10. Z-scores are transformations of the values obtained to standard deviation units.

11. A ratio is the relationship between two categories, and a rate is the ratio between the number of cases of a category and the total number of cases multiplied by a multiple of 10.

12. Inferential statistics is used to make generalizations from the sample to the population; it is used to test hypotheses and estimate parameters. It is also based on the concept of sampling distribution.

13. The curve or normal distribution is a very useful theoretical model; its mean is 0 (zero) and its standard deviation is one (1).

14. The level of significance and confidence intervals are levels of probability of making an error or mistake in hypothesis testing or parameter estimation. The most common levels in the social sciences are those of .05 and .01.

15. Analysis or parametric statistical tests commonly used are:

Types of hypothesis testing

  • Pearson correlation coefficient: correlational
  • Linear regression: correlational/causal
  • T-test: group difference
  • Contrast the difference in group proportions: difference
  • Analysis of variance (ANOVA): one-way and factorial. Unidirectional (one independent variable) and two-factorial (two or more independent variables): difference between groups/causal
  • Analysis of covariance (ANCOVA): correlational/causal

16. In all parametric statistical tests, the variables are measured at an interval or ratio level.

17. The analysis or nonparametric statistical tests commonly used are:

  • Chi-square: difference between groups
  • Spearman and Kendall coefficients: correlational

20. Statistical analysis is performed using computer programs with statistical packages.

21. The most popular statistical packages are BMDP, ESP, OSIRIS, SAS, and SPSS. These packages are used to consult the respective manual.
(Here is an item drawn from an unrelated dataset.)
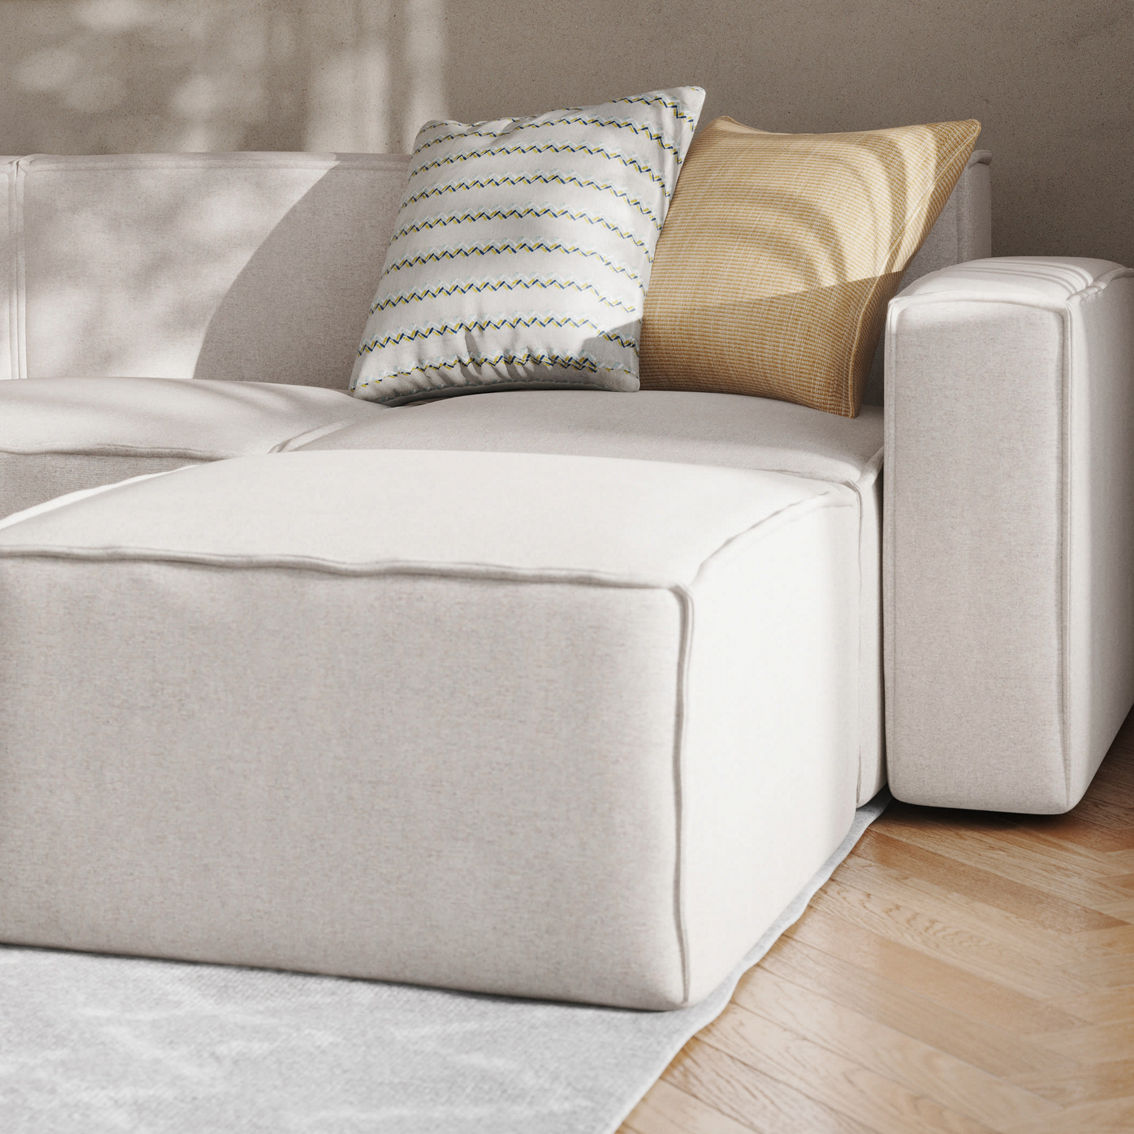 Flash Furniture 5 Piece Modular Sectional Sofa with Ottoman - Image 3 of 5
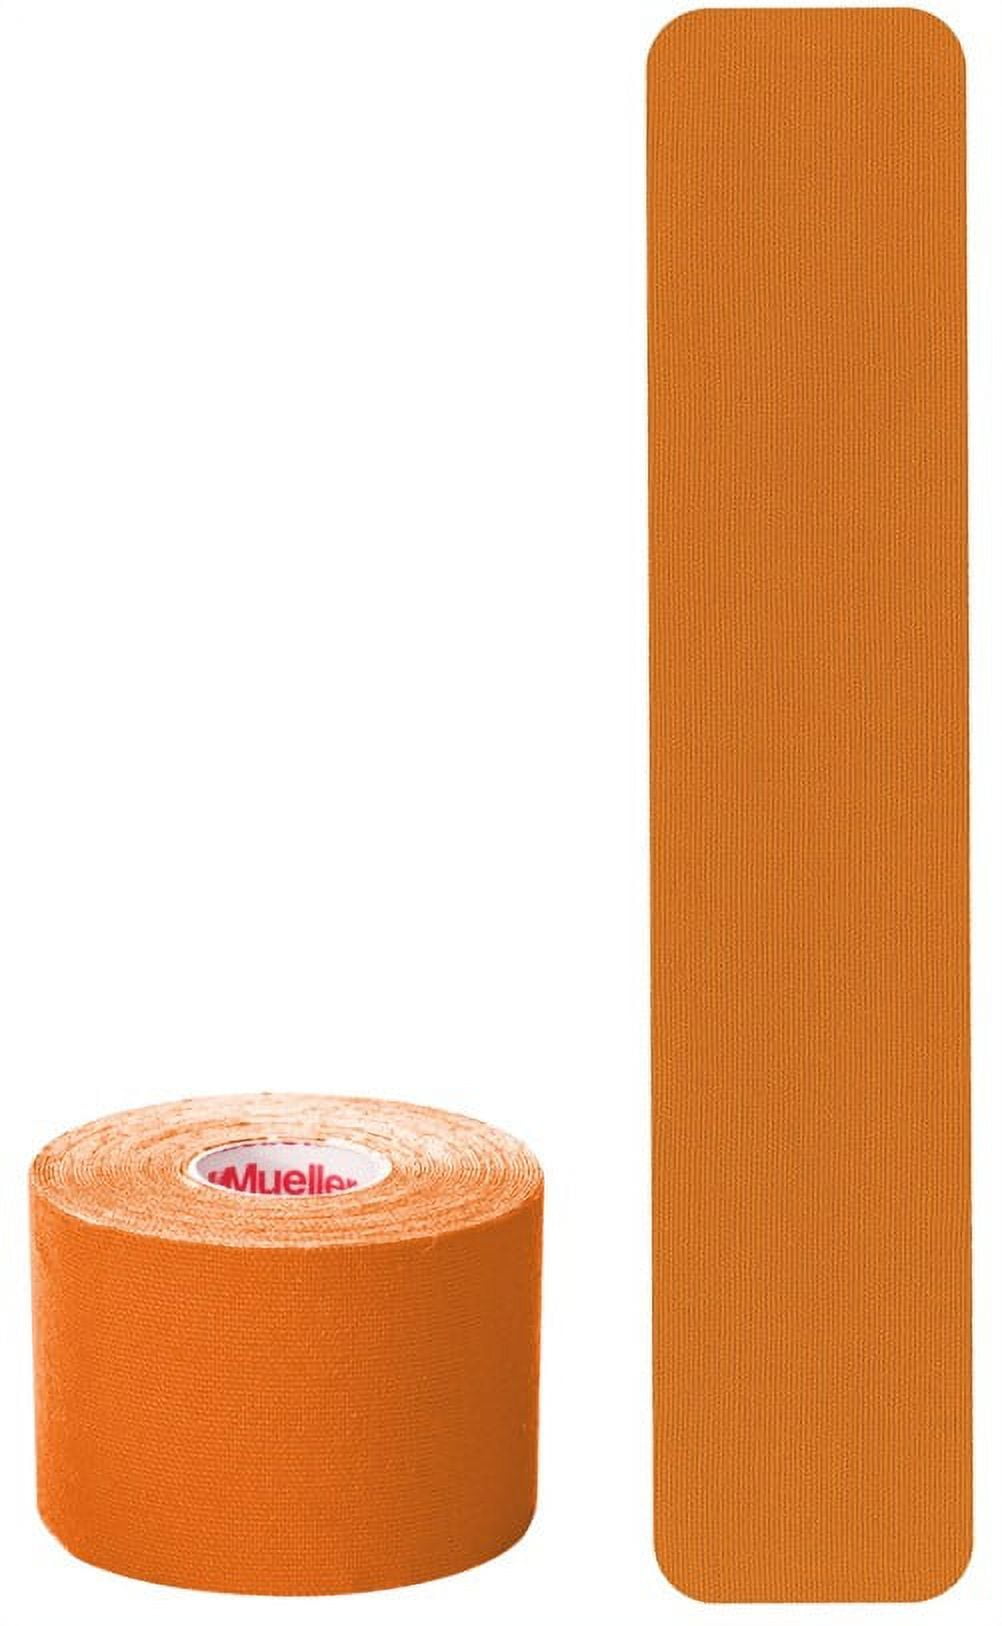 Vive Kinesiology Tape Roll - Kt Tape Precut Strips (2 x 16 Feet/20

Summary 11: Research Report Preparation

1. Before preparing a research report, the user should be defined, as the report will be adapted to them.

2. Research reports can be presented in an academic context or in a non-academic context.

3. The context determines the format, nature, and extent of the research report.

4. The most common elements of a research report presented in an academic report are: title page, index, abstract, introduction, theoretical framework, method, results, conclusions, bibliography, and appendices.

5. The most common elements in a non-academic report are: title page, index, abstract, introduction, methods, results, conclusions, and appendices.

6. Various props can be used to present the research report.

Summary 7: Non-Experimental Research

1. Non-experimental research is performed without deliberately manipulating independent variables; it is based on variables that have already occurred or were in reality without the direct intervention of the investigator. It is a retrospective approach.

2. Non-experimental research is also known as ex post facto research (facts and variables have already occurred), and observed variables and relationships between them in their natural context.

3. Non-experimental designs are divided as follows:

  • Transactional
  • Longitudinal

4. Transactional designs make observations at a unique moment in time. When individually measured variables are reported, they are descriptive. When describing relations between variables, they are correlational, and when they establish causality between variables, they are correlational/causal.

5. Longitudinal designs make observations at two or more times or points in time. If you are studying a population, they are trend designs; if you look at a specific group or subpopulation, they are evolutionary analysis designs of the group; and if they study the same subjects, they are panel designs.

6. Non-experimental research is less rigorous than experimental research, and it is more difficult to infer causal relationships. But non-experimental research is more natural and closer to everyday reality.

7. The type of design to choose is influenced by the research problem, the context surrounding the research, and the type of study.